Fig. 7. CD8⁺ TILs from cancer patients can express considerable low levels of CD2.

a) The mean number of CD2 molecules/cell per CRC patient, for the CD8⁺ TILs from tumor (CRC) compared to matched normal adjacent tissue (NA). Patients were grouped in three separate groups (Group A, n=8; Group B, n=5; Group C, n=6) based on CD2 level change of tumor T cells relative to NA. ***, p=0.0007 with unpaired two-tailed t test with Welch’s correction. b) The mean number of CD2 molecules/cell per endometrial cancer (EndoC) patient (n=6 independent patients), for the CD8⁺ TILs compared to memory CD8⁺ T cells in matched patient PBMCs (one donor without matched PBMCs). c) The mean number of CD2 molecules/cell per ovarian cancer (OC) patient (n=5 independent patients) in CD8⁺ TILs.

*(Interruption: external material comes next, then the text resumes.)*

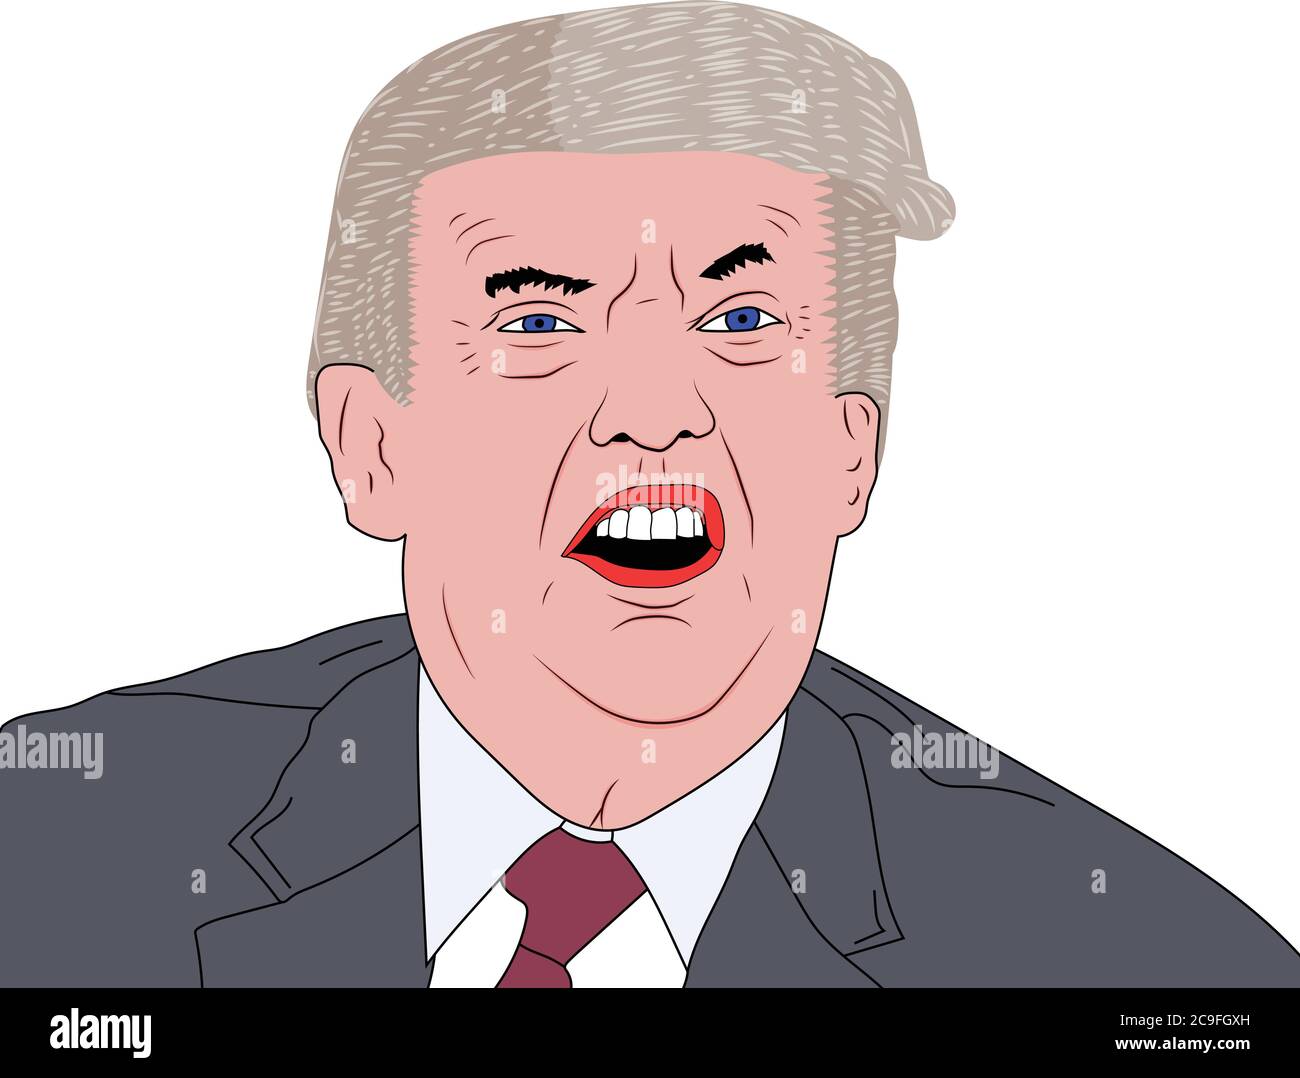 Donald Trump - President of the United States Stock Vector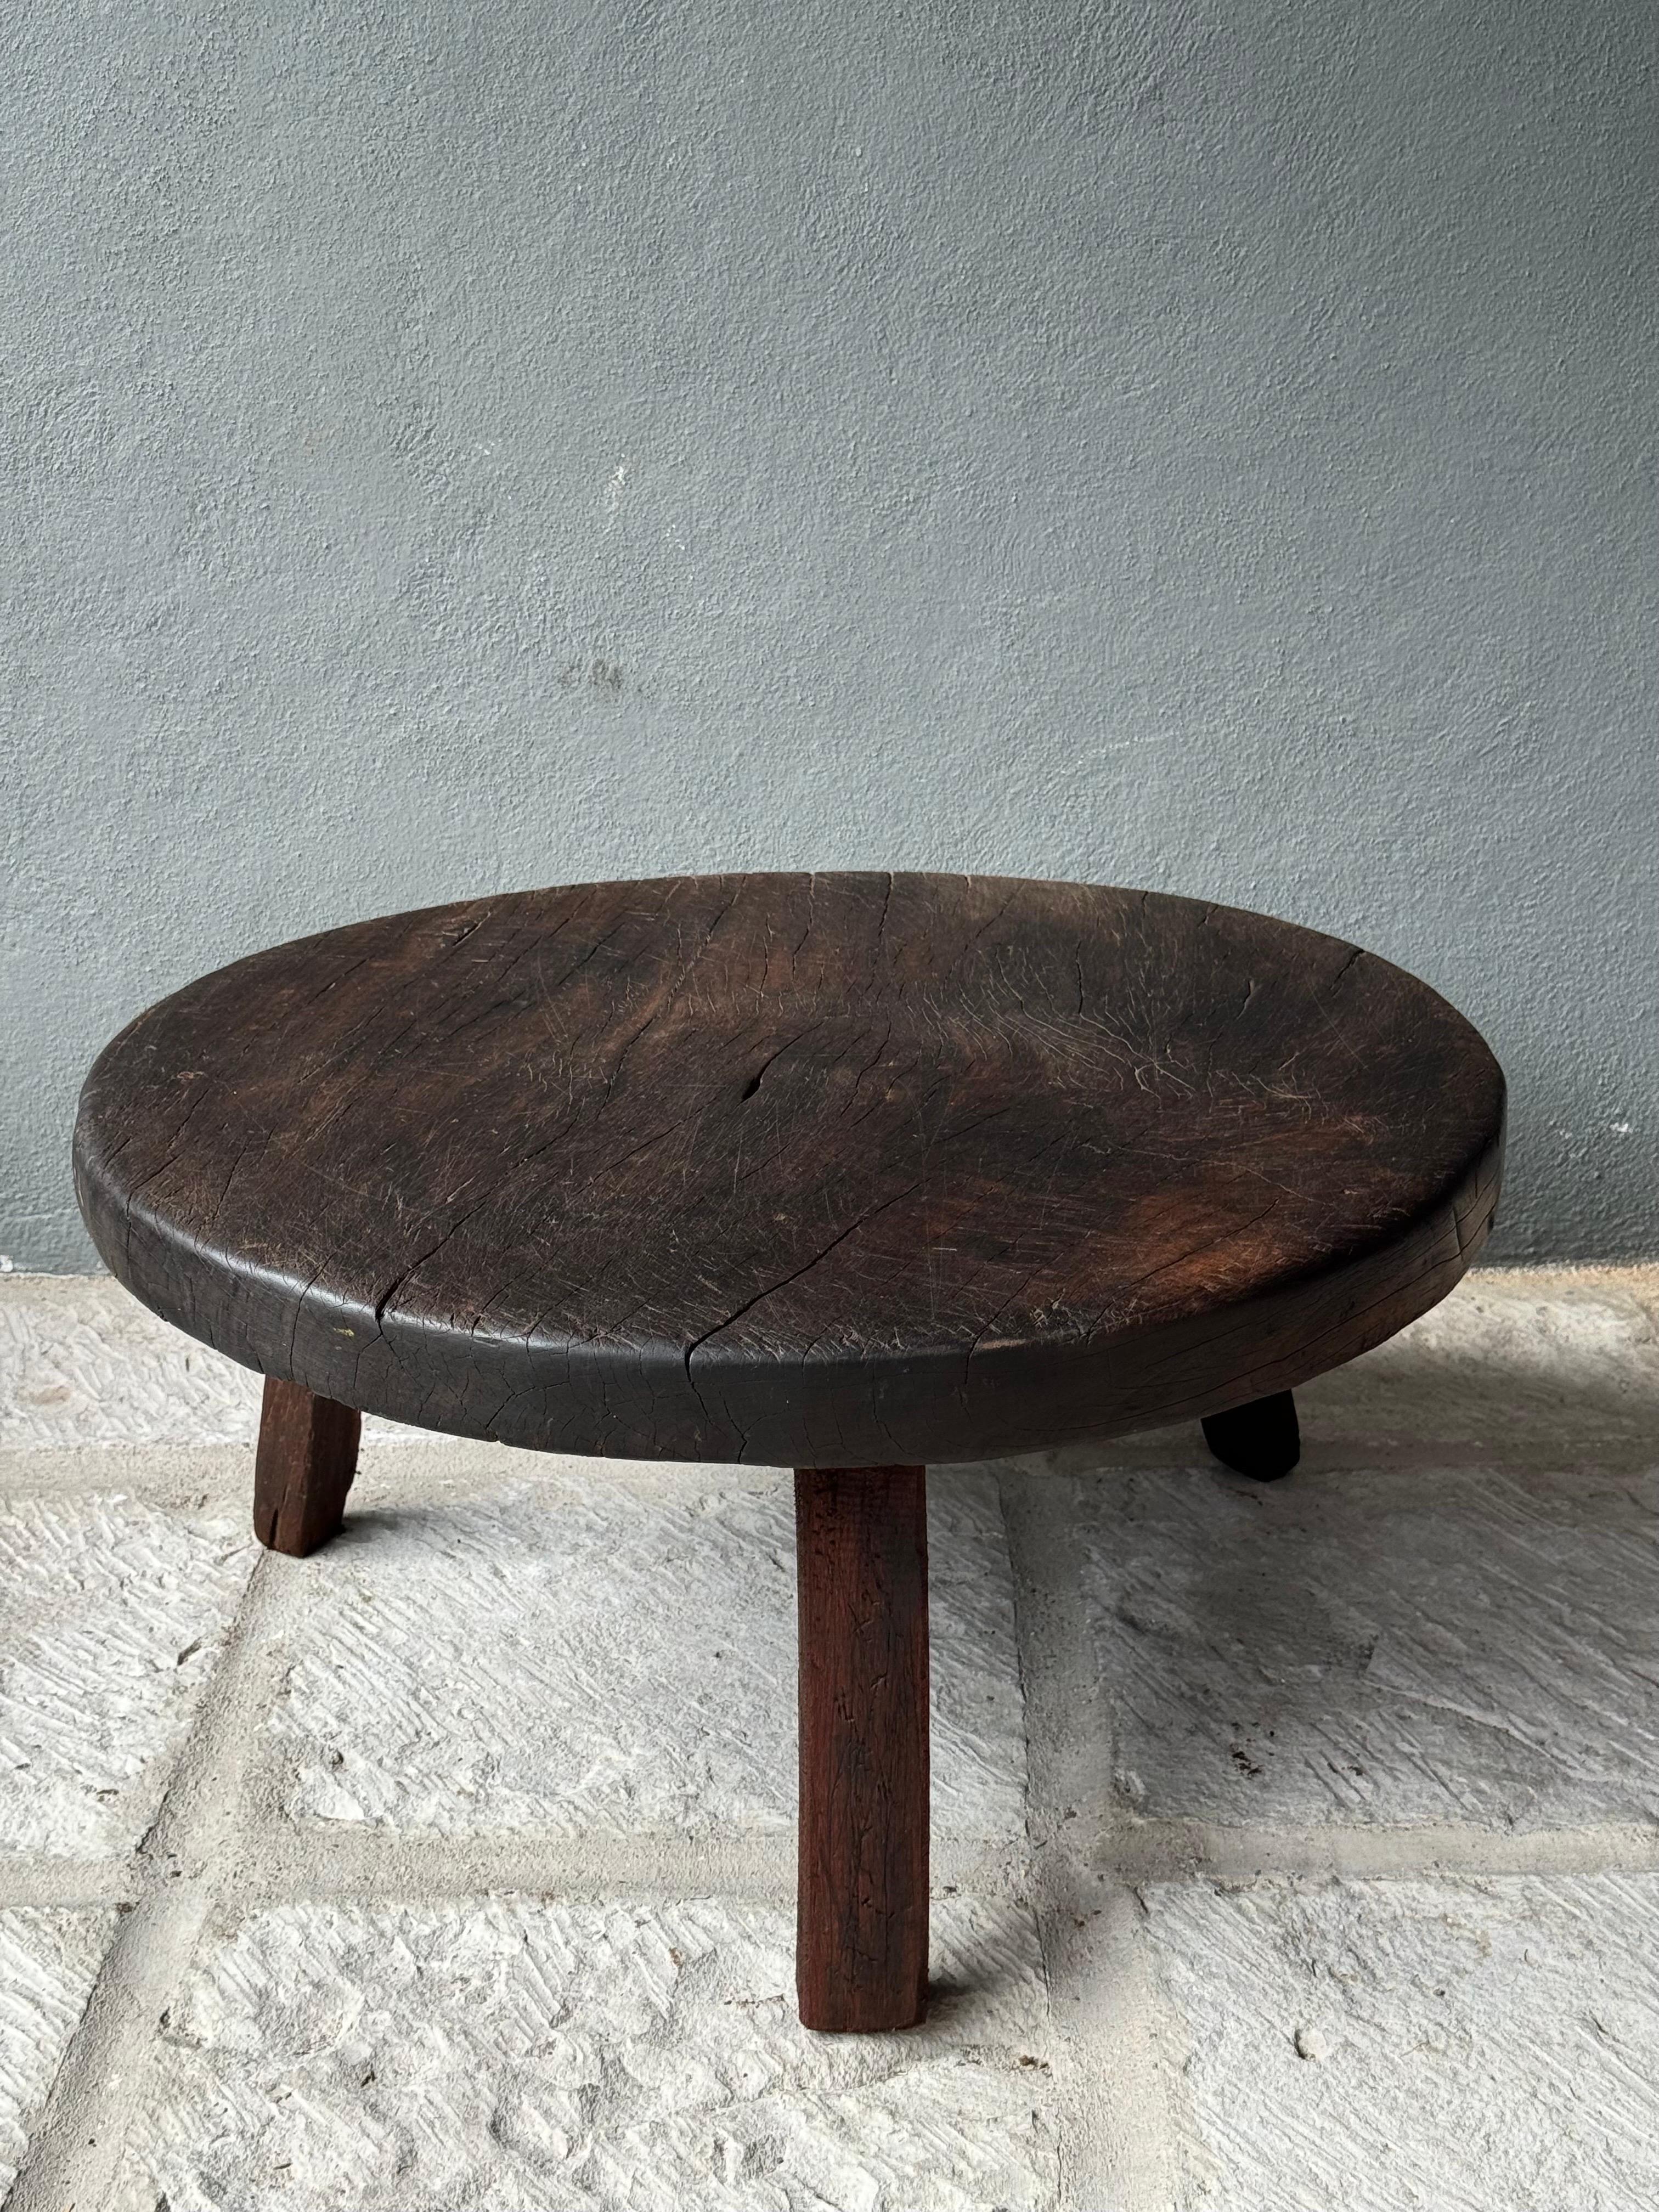 Primitive Hardwood Round Table From Central Yucatan, Mexico, Mid 20th Century For Sale 4

For a-c, grey bars represent the average CD2 levels (mean±SD) expressed in memory (top) and naive (bottom) CD3⁺CD8⁺ T cells found in blood from healthy individuals. d) The correlation between exhausted CD8⁺ T cell gene signature and CD2 expression from whole transcriptomic analysis of CRC patients from The Cancer Genome Atlas (TCGA) is shown (n=255, independent patients) for (top) “exhausted vs effector CD8⁺ T cell gene signature” and (left) “exhausted vs naive CD8⁺ T cell gene signature”. Pearson r -0.475, -0.542, respectively; p<0.001 for both e) The correlation between exhausted CD8⁺ T cell gene signature and CD2 expression from publically available single cell transcriptomic dataset from CRC patients. The correlation was investigated in both exhaustion gene signatures (GSE 41867, top panel - exhausted vs. effector CD8 T cells, Pearson r -0.100, p<0.05, left panel-exhausted vs. naive CD8 T cells, Pearson r -0.542; p<0.005). f,g) The correlation between exhausted CD8⁺ T cell gene signature and CD2 expression from publically available single cell transcriptomic dataset from hepatocellular carcinoma (HCC) patients (Pearson r -0.076, p<0.05) and non-small cell lung cancer (NSLCC) patients (Pearson r -0.248, p<0.05). The correlation was investigated in both exhaustion gene signatures (signatures (GSE 41867, exhausted vs. effector CD8 T cells shown only). Statistical analyses for (d-g) see section “Data analysis - CD8 exhausted T cell subpopulations” in Methods.